##### Task data #####

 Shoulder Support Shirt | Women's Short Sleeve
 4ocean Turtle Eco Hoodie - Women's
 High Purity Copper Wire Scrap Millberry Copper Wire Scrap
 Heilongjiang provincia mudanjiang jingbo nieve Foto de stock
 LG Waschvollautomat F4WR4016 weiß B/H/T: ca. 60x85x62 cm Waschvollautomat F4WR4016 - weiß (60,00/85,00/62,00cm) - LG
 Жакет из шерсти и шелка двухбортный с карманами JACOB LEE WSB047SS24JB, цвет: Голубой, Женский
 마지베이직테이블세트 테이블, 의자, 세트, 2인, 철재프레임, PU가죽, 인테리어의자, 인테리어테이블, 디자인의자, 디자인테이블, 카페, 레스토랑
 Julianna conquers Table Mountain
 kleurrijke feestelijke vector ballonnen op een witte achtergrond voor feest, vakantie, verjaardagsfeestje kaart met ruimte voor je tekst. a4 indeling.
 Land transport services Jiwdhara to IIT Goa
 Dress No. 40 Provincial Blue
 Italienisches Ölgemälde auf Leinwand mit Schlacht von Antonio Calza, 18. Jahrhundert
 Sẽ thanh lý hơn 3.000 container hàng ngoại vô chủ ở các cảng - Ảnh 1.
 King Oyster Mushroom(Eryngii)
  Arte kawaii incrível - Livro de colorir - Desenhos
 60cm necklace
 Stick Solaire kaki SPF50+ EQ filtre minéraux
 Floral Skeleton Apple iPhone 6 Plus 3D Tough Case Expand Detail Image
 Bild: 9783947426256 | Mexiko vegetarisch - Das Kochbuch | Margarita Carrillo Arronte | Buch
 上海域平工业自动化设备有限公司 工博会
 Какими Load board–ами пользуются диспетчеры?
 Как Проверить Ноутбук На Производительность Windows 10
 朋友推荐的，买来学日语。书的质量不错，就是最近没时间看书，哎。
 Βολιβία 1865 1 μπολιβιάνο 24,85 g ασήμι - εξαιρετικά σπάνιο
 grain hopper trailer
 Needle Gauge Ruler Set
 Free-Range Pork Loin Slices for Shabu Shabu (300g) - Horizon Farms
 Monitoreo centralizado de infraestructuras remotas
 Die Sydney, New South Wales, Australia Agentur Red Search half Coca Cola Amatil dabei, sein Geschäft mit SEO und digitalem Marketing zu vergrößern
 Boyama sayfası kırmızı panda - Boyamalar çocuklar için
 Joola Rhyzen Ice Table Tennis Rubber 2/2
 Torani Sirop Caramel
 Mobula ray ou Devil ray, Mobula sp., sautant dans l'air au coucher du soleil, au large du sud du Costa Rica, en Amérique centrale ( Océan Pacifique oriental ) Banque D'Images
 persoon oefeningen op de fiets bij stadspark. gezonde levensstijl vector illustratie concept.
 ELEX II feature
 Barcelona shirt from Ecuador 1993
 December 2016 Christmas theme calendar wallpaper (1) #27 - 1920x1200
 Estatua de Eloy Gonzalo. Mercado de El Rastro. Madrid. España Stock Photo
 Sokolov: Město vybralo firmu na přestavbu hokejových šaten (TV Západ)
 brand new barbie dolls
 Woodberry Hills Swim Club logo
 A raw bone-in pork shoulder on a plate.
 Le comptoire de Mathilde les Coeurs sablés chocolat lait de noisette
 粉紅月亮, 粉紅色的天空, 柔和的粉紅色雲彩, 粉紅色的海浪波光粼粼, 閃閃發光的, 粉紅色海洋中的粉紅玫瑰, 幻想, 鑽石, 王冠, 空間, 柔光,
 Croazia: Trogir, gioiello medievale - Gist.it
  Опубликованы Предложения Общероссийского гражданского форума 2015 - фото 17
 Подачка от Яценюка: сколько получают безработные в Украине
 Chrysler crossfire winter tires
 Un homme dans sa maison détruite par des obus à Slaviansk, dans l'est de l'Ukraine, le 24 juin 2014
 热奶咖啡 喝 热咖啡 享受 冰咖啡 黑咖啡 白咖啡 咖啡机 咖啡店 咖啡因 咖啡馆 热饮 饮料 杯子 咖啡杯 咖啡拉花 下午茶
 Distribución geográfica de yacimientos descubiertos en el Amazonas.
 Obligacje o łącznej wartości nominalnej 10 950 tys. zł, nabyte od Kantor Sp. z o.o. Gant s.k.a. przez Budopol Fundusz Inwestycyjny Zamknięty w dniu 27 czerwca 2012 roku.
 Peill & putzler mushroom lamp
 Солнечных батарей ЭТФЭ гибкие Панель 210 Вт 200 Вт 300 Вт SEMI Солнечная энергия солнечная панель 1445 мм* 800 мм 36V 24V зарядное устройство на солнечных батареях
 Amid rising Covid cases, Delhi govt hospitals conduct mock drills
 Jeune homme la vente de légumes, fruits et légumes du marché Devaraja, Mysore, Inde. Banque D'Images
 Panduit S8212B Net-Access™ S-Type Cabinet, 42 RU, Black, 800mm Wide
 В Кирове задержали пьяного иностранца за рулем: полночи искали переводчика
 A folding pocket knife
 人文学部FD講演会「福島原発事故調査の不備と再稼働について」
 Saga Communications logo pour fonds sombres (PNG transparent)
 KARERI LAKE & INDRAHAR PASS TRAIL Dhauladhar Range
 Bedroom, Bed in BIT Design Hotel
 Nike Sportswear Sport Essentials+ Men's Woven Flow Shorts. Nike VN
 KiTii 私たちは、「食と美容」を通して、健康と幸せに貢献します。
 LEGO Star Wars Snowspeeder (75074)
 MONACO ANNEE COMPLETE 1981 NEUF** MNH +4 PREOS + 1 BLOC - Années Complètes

#####

Work task: After locating the line holding "朋友推荐的，买来学日语。书的质量不错，就是最近没时间看书，哎。" above, output exactly that line and every line after it through the line holding "Free-Range Pork Loin". Include nothing else.

Exercise output:
 朋友推荐的，买来学日语。书的质量不错，就是最近没时间看书，哎。
 Βολιβία 1865 1 μπολιβιάνο 24,85 g ασήμι - εξαιρετικά σπάνιο
 grain hopper trailer
 Needle Gauge Ruler Set
 Free-Range Pork Loin Slices for Shabu Shabu (300g) - Horizon Farms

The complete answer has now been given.